Нет, без аттестата зрелости он не может восстановить меня в университете. Мне придется снова сдавать экзамены за среднюю школу.

Не абсурд ли - требовать все это от человека, который уже учился в университете четыре года и переведен на последний курс. И аттестат свой я получал в далекой Ойрот-Туре, на Алтае, во время войны, одиннадцать лет назад. Минуло два года войны, четыре года в университете, пять лет в заключении. Где теперь учителя, которые помнят меня и могли бы подтвердить, что я сдавал им выпускные экзамены?

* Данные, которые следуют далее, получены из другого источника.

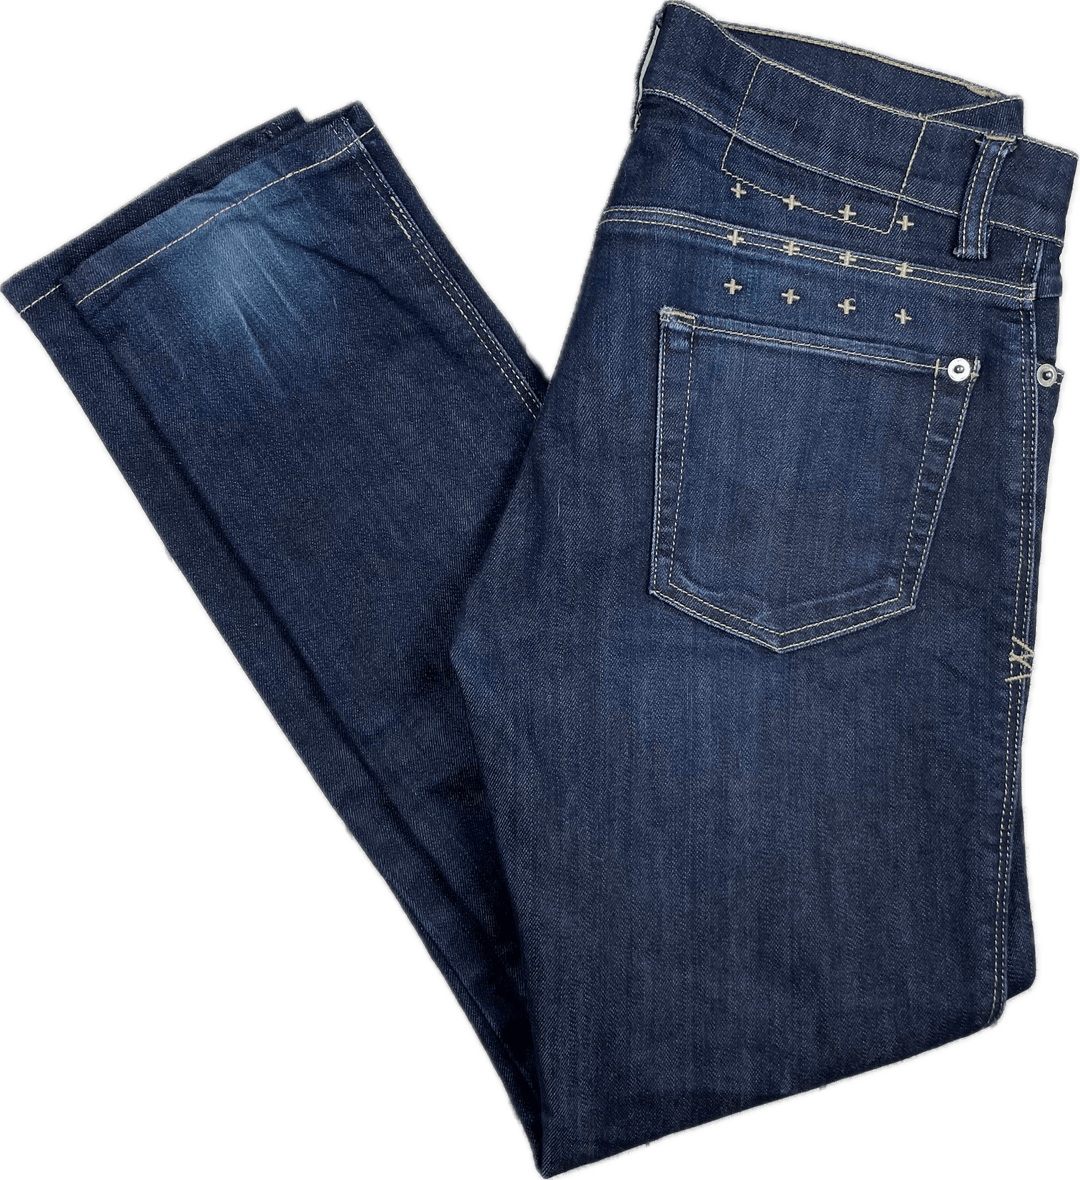 Tsubi 'Super Skinny ZIp' Jeans in Tight Arse Indigo Wash - Size 27S - Jean Pool

Да и школу я кончал экстерном, и некоторые экзамены принимали преподаватели московского пединститута.

В советском абсурде всегда была своя система, целью ее было - раздавить человека, помешать ему идти вперед, испортить ему жизнь всеми возможными способами. Для достижения этой цели бюрократия объединялась с органами госбезопасности. А еще точнее: органы действовали через представителей администрации как через своих ставленников.

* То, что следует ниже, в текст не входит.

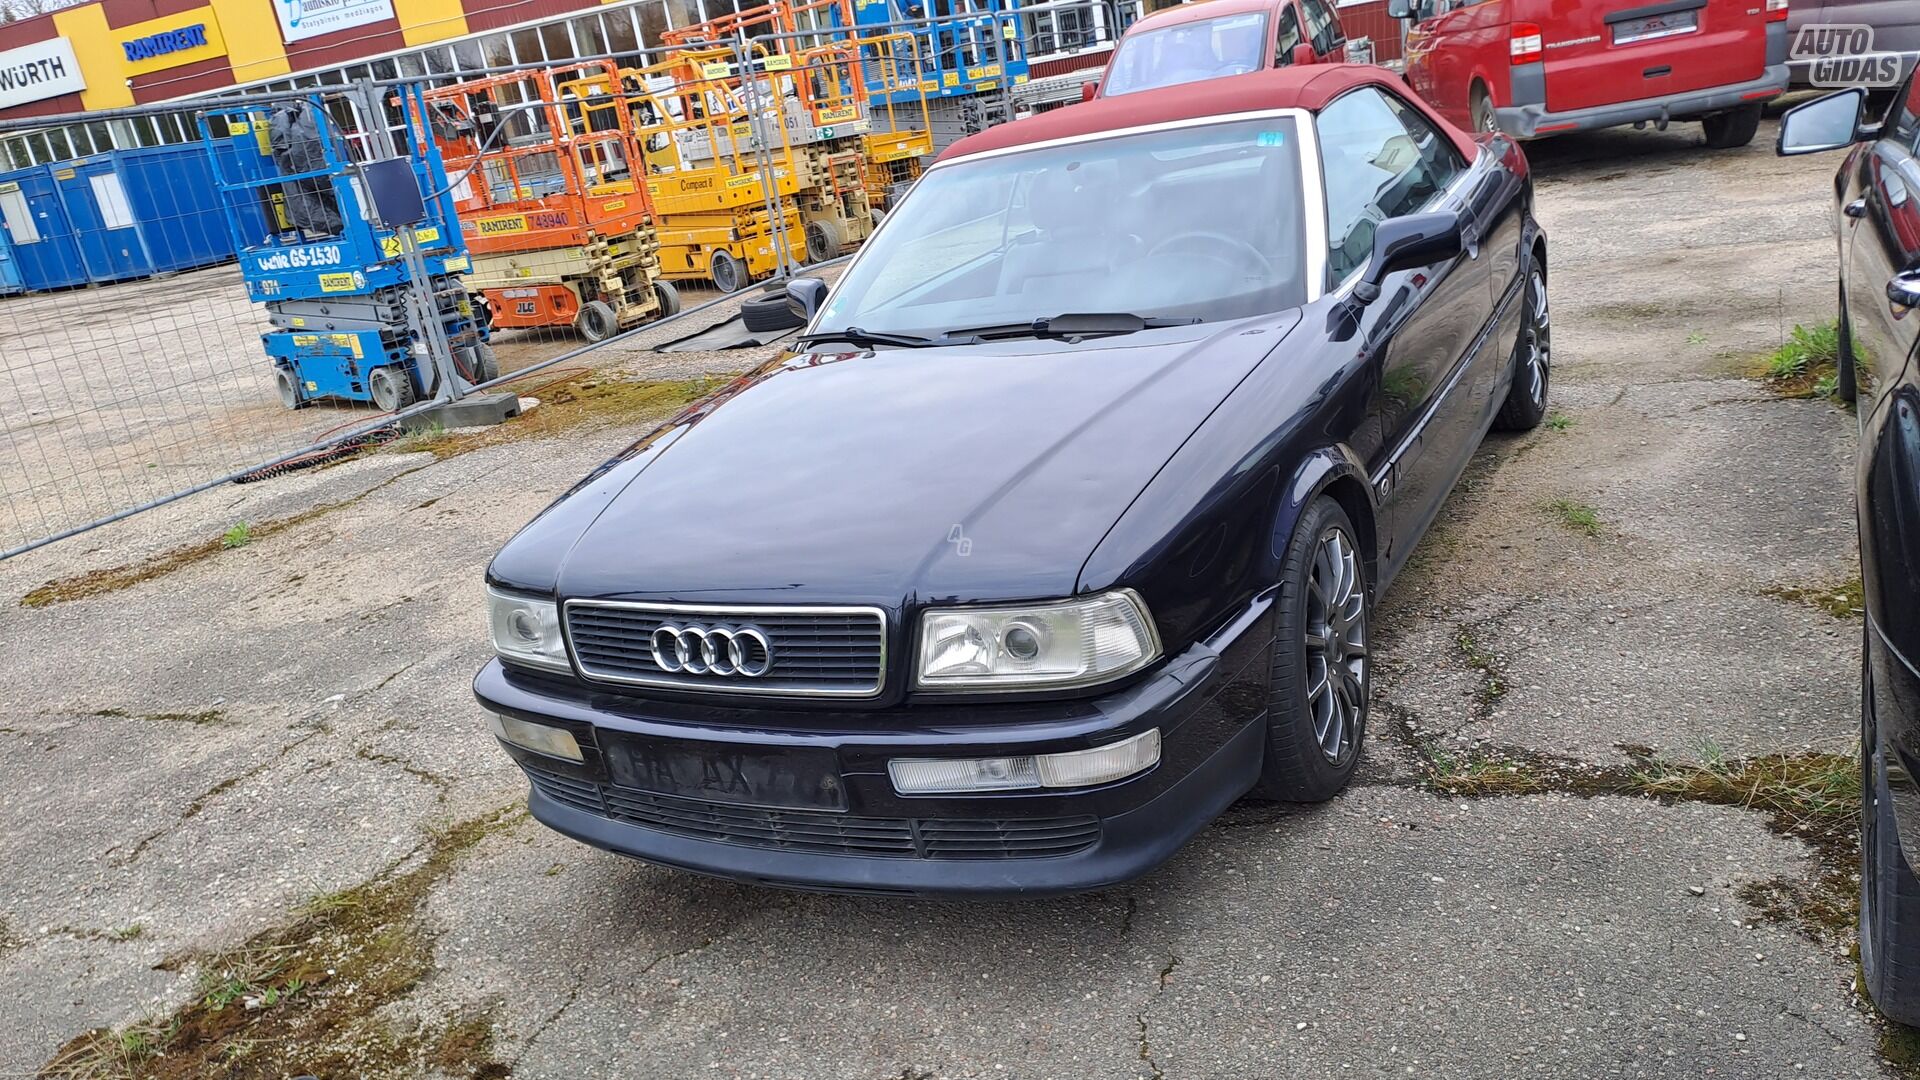 Audi 80 1996 y Convertible

И каменные Герцен и Огарев отчужденно и равнодушно смотрели на все это...

Я написал в Ойрот-Туру, в мою бывшую школу. Разыскал в Москве кого-то из моих тогдашних преподавателей. Мир не без добрых людей, и в конце концов мне прислали из Ойрот-Туры новый аттестат зрелости, и улыбчивый, любезный проректор, скрепя сердце, зачислил меня - не на пятый, а на четвертый курс, об этом попросил я сам. Я твердо решил идти на кафедру этнографии, окончить университет этнографом, а для этого нужно было прослушать этнографические спецкурсы и сдать экзамены, которых я еще не сдавал.

Кафедрой этнографии руководил Николай Николаевич Чебоксаров. Антрополог по специальности, он обладал обширными познаниями в этнографии и этнической истории многих народов мира. И человек он был интересный, яркий, талантливый. Много лет спустя мы вместе работали над разделом, посвященным древней истории народов Юго-Восточной Азии, для одного из томов серии "Народы мира", и я приходил к нему домой. Его квартира казалась музеем - ее наполняли художественные изделия, вывезенные им из Китая и других стран. Жена его, Ирина Абрамовна, была приветливой, хлебосольной хозяйкой. У Чебоксарова, на мой взгляд, был только один крупный недостаток - впрочем, он делил его со многими другими его коллегами: он был конформистом и не мог возражать людям, стоящим у власти.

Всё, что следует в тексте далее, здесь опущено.